There is something to be said about the lost and found things in places that have been visited by suffering, collapse, war, and persecution. Streets crumble, sewer lines rot in entropy, the art of engineering and science regress, but certain things still survive, hibernating with a dangerous slow rhythm, waiting for people to use them again.

The track reminds me of a story one pilot had recounted to me. It was of a plane graveyard in Cote D’Ivoire. Sunbleached fuselages of old fighter jets littered the capital city airport, and occasionally some enterprising Africans would try and collect parts from them. One unlucky African managed to climb into a cockpit seat, and while fiddling with getting it out, activated the Soviet ejection device, designed to survive and work through years of misuse. It worked perfectly, save for the hangar roof situated over the airplane. He was found the next morning, hanging from the ceiling like a piece of modern art, and although I’m unsure, I still like to picture the ejection seat hanging with him, as if to say “I WORK! SEE!”. A gory poetic statement.

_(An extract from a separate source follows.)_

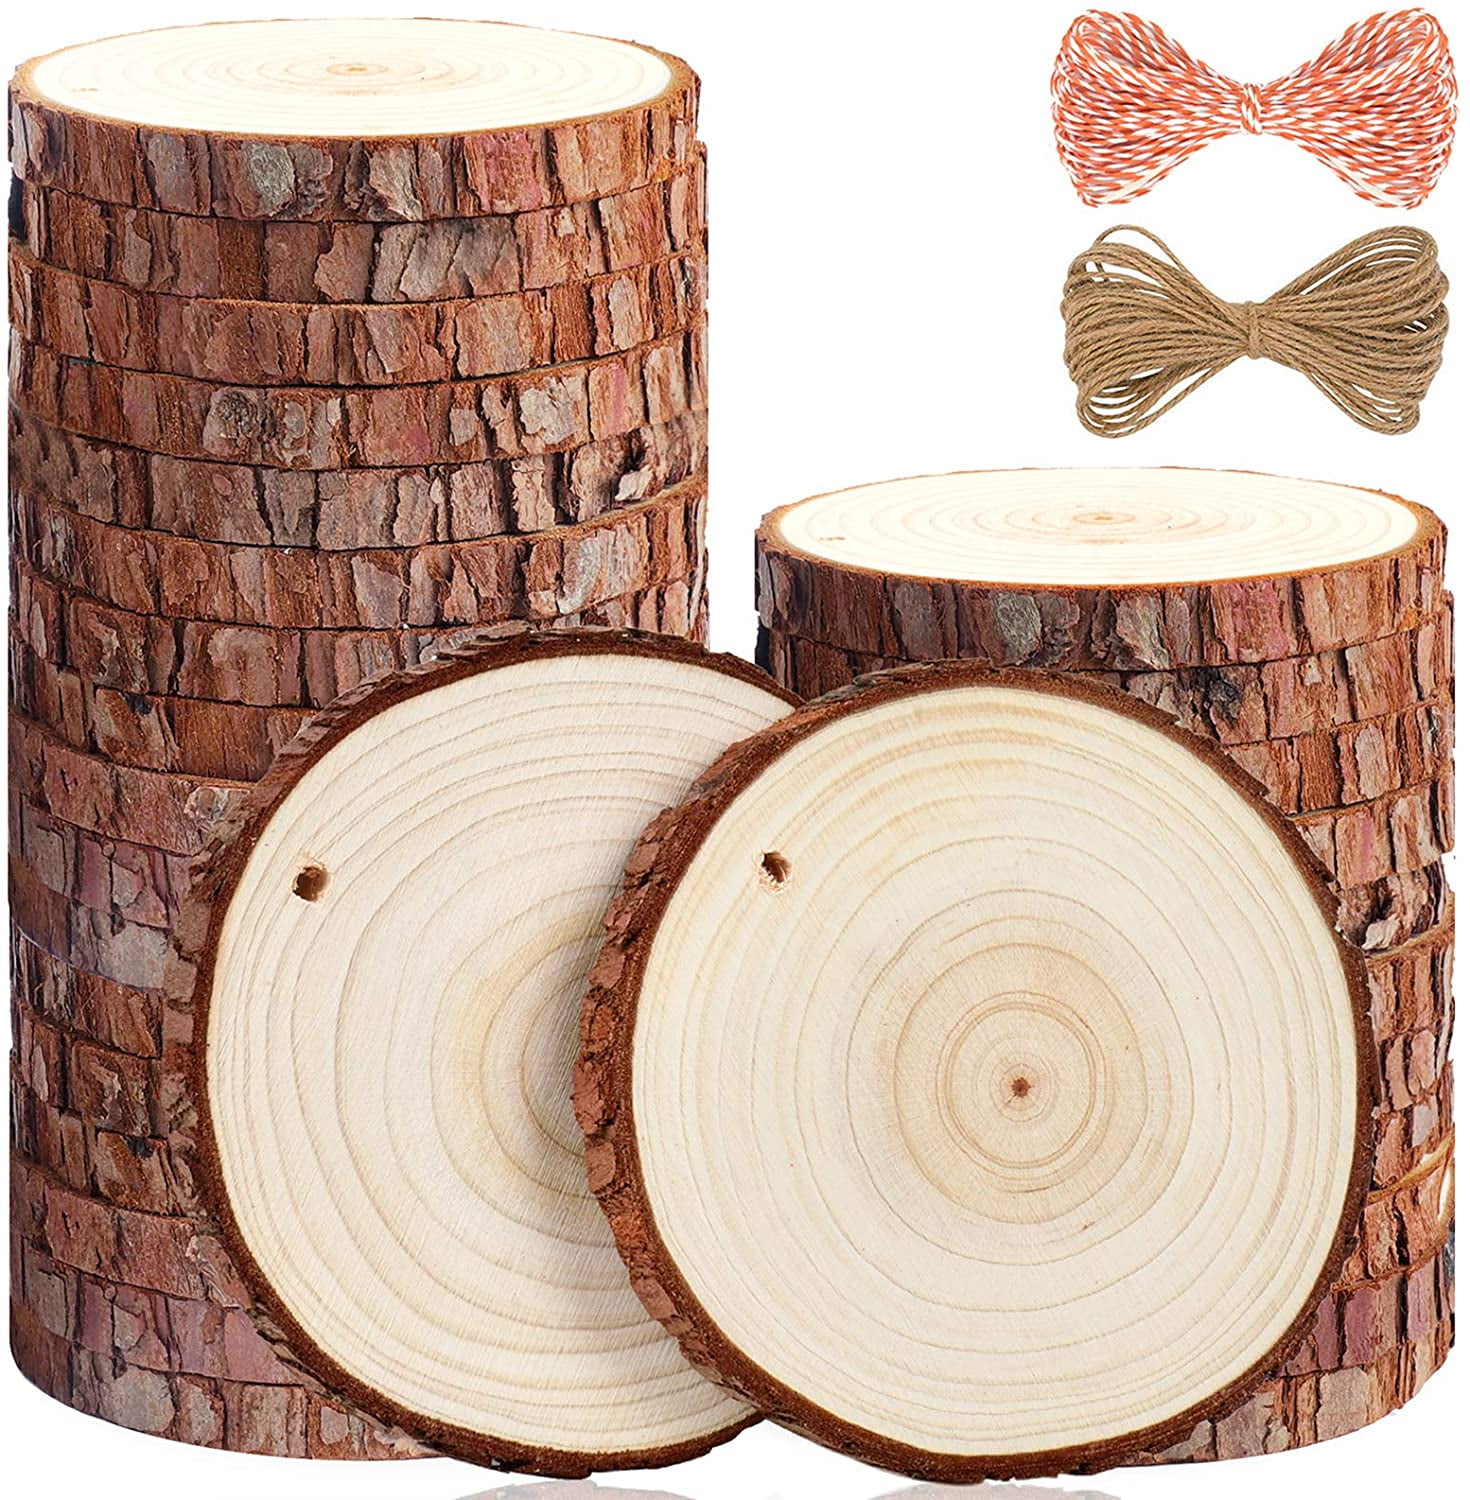 Natural Wood Slices 12 Pcs 3.5-4 Inch Wood Rounds for Crafts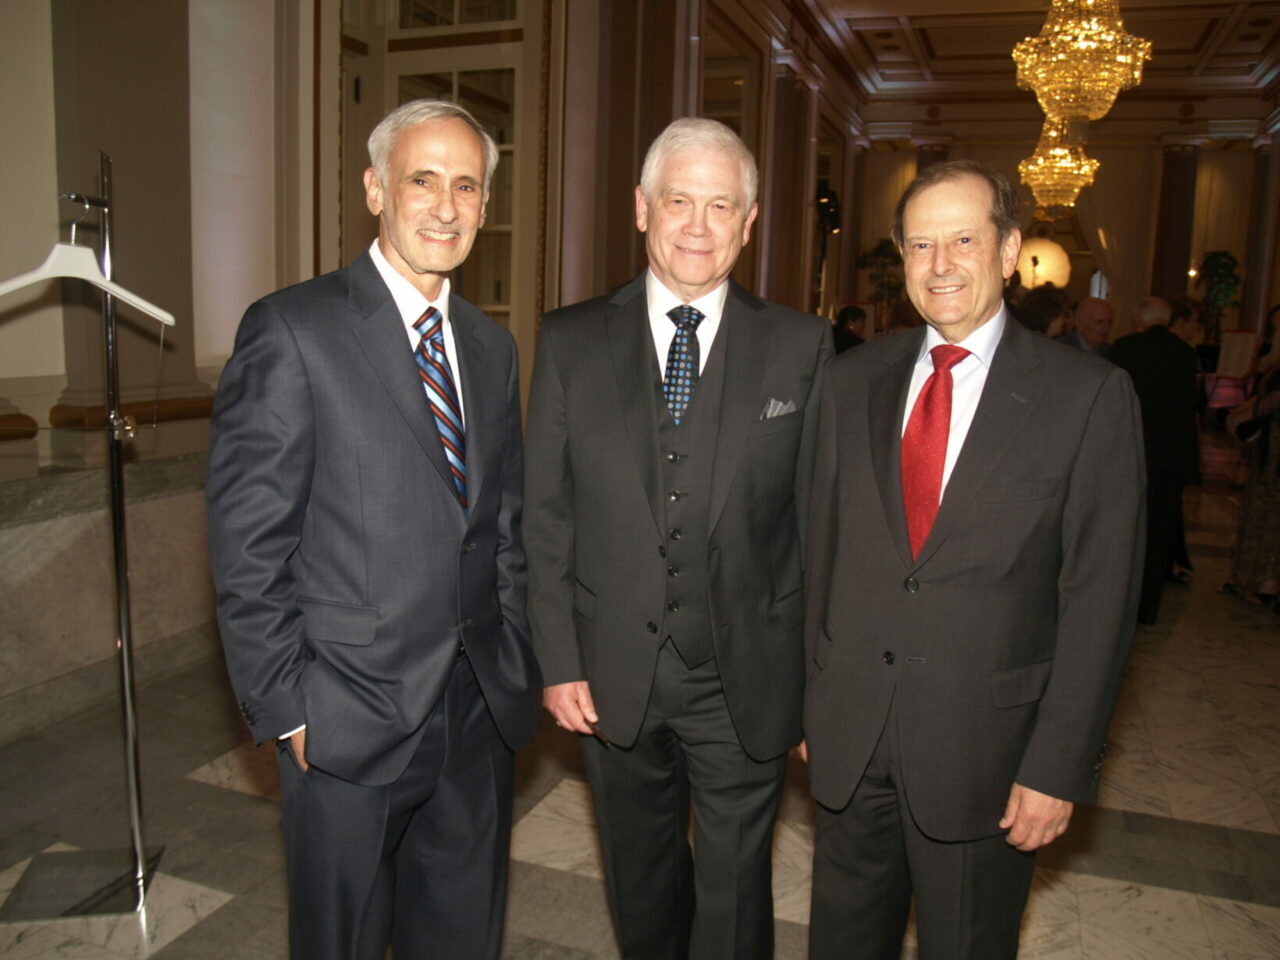 Michael Farber, Honoree, Dave Hodge, evening MC  and Dr. Saul Frenkiel, event Chair (Photo: Jack Gurevitch)

When they were finally ready, we headed off to the go-kart starting line, stumbling and laughing like drunks, which of course, we were. We drank with conviction, and we were ready to cause shit. By the sixth lap, the track so carefully constructed to replicate a professional racing circuit were completely ignored, and we smashed the go-karts into each other with inebriated glee. Fuck the consequences. There were none. This is Africa!

By the second time around the owner of the track, looking at us with disbelief, anger, and sorrow, finally called us in. We paid a little extra, a little sorry about the mess, and left him with his damaged goods, like lame horses who need to be put down.

This insanity is par for the course, whether it be enjoying a beer on a golf course as stray bullets fly by the clubhouse, or whether it’s destroying some proud man’s go-karts, painstakingly put together only to be destroyed and disrespected by the very people he probably thought would appreciate it the most. It’s a sad and maddening concept. It makes me wonder whether our belief in what Africa is just overpowers any progress. I reflect on the ebb and flow of simple things like basic entertainment, and wonder how much apathy it takes from us to ruin good little things hidden in the world.

It also makes me wonder if I should open up a theme park in Kabul. Now THAT would be entertaining.